田中長徳先生のブログ(8月24日分)で、我楽多屋で月一回開催のがらくた市、別名「シドニー」について語られています。
なんだか嬉しくて、過去のシドニーを振り返ったりしていたら、十余年前の我楽多屋新聞が出てきました。一面(と言っても裏表ペライチの新聞ですが~)の見出しは「田中長徳氏、がらくた市を語る~裏面へ~」。また、モノクロコピーの新聞なので分かりずらいですが、迷彩色の上着を着た長徳先生ががらくたを物色している画像も載っています。
「がらくた市(別名シドニー)」の説明は、ここであえてしなくても良いですよね。長徳先生のブログ(8/24分)や、こちらで確認してください。
で、8月26日分の長徳先生のブログでは「新東京タワー:スカイツリー」が話題になっています。このブログでも8月16日に話題にしました。画像を比較してみると、、、どうでしょう、見る角度に違いがあるでしょうが、おおよそ同じ方面からの眺めだと推測されます。高さ及び、クレーンの形に変化がありますね。残念ながら、ネコは居なくなっています(笑)。

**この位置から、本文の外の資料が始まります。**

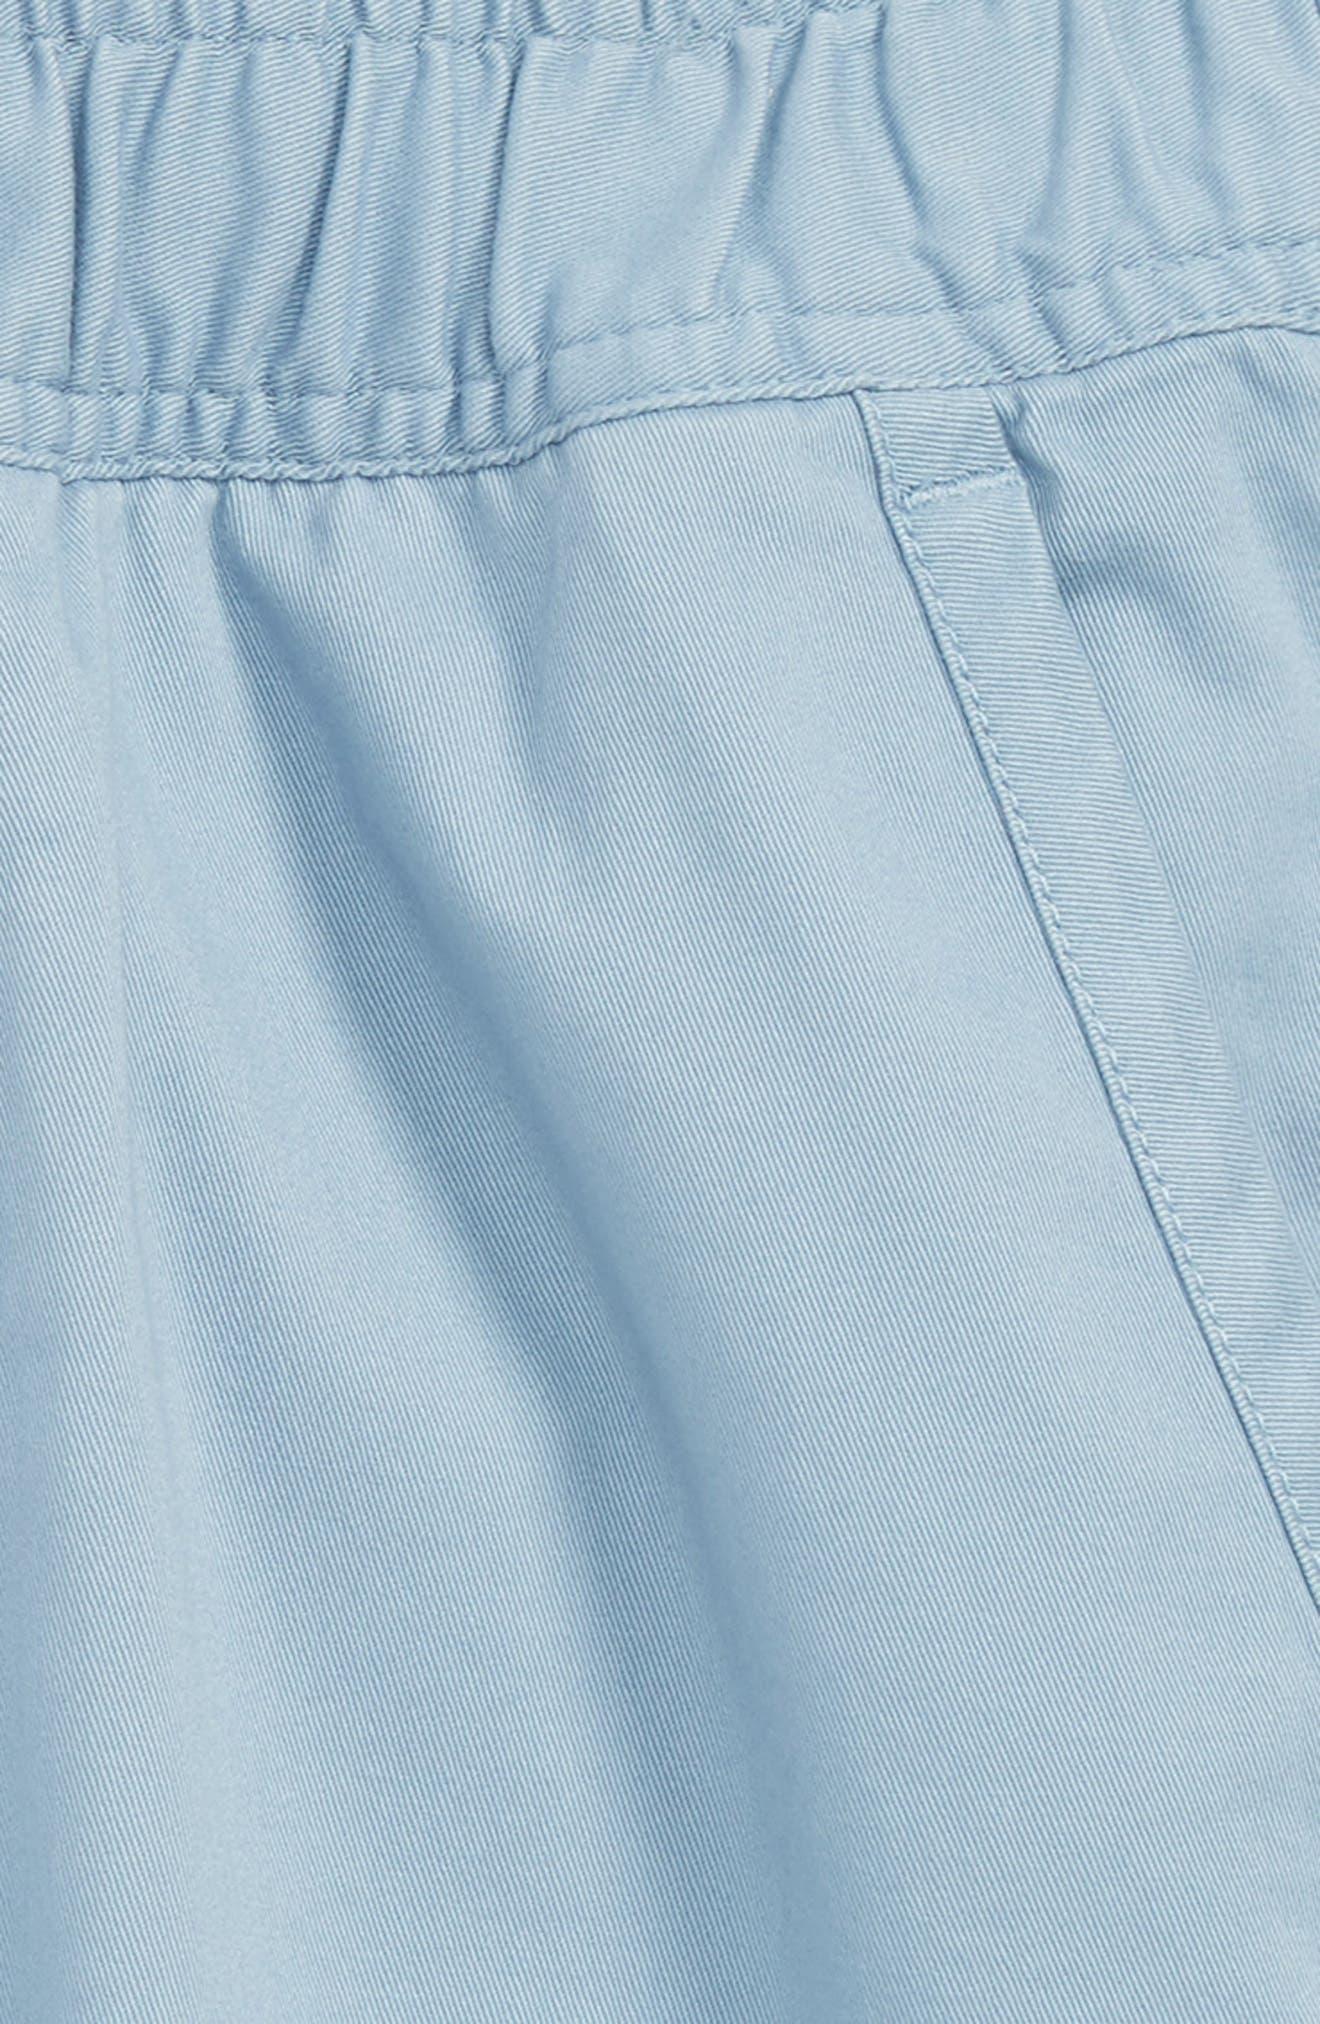 Knit Shorts,                             Alternate thumbnail 2, color,                             Blue Chambray

前述の我楽多屋新聞第二号裏面に掲載した長徳先生からのコメントをご紹介したいと思います。
シドニーの楽しみ 田中長徳 常連代表
シドニーには行ったことがあるけど、しどにーには行ったことがなかった。一部、これはファンの間では有名なアローカメラ、我楽多屋さんの月1回の企画である。
本物のシドニーは「硬い岩山にナイフを突き立て、その周囲に色とりどりのペンキの飛沫が飛んでいる」と銘機礼賛に書いたことがある。何でそんなことが頭に浮かんだのか今では思い出すことも出来ないのだけど、シドニーはもともと岩の上に構築された町であること、さらに当時、売り出しのイラストレーター、ケン・ ドーンのアトリエを取材した時の印象が、そういうイメージを残したものらしい。当時のケン・ドーンは日本の女性誌hanakoの表紙の連載が開始されたばかりで張り切っていた。
最初から本物のシドニーの話になって恐縮だが、ここでの話題の本筋はアローカメラのしどにーの話である。と言ってもこちらが偽のしどにーで、あちらの豪州の方が本物であるなどというつもりは毛頭ない。
どちらも、シドニーなのだけど、最近では私は四谷三丁目のシドニーの方に引力を感じている。第四土曜日の午後2時から私が隣りの喫茶店キャロットでコーヒーカップを前にしてカメラトークを開始したのは、1998年の春からだった。確か、その第一回目3月28日は幸か不幸か、私の父親がその日の早朝に亡くなったというタイミングの良さであったけど、そういう身内の不幸を乗り越えて、四谷三丁目に行ったのはなにも野田社長の顔が頭に浮かんだのではなく、カメラ好きの父親であったから、その昇天当日にむしろこういう場所でカメラをひっくり返している方が、これは供養になるであろう、と思ったからだ。それに実際、葬儀社と段取りを済ませると、もう暇ですることのないのが「お葬式」なのである。
以来、毎月のしどにーは楽しみになったが、月末というのは私のような暇人でも、時間が思うにまかせないこともあって、この2ヶ月ほどはお休みしているが、また10月のしどにーからは開始しようと思っている。まぁ、ヨーロッパ流に言えば、夏のバカンスというところだ。その先月8月のしどにーの時には私はミノルタの新製品発表会があり大阪に行っていた。今月は皆さんご存知のフォトキナでドイツはケルンに行っているのである。噂のライカM7がいよいよ登場か!?というので、もし発表になれば、現物をお見せするのは無理にしても、カタログくらいは持参してしどにーをにぎわしたいと思っている。
さて、しどにーで皆さんのお持ちになっているカメラの話などを伺うと、これが面白くて、私のカメラエッセイの生きたネタになっていることは、大変に有り難いことだ。それと同時にアローカメラのしどにーはフツーのカメラ屋さんにはちょっと売っていない面白いものがあるので、私は衝動買いの経験者であるから、ちょっとのことでは興奮買いなどはしないゾ!と思っているのだけど、色々と購入してしまう。最近の買い物はペンタックス6×7が2台、ローライ3.5F、アイモ改造機というところだが、それぞれかなりのお買い得であった。
要するに我楽多屋さんは行ってみる価値がある店だけど、これはお地蔵さまのご縁日みたいなもので、しどにーの日の方が、余計に現世利益があるということのようだ。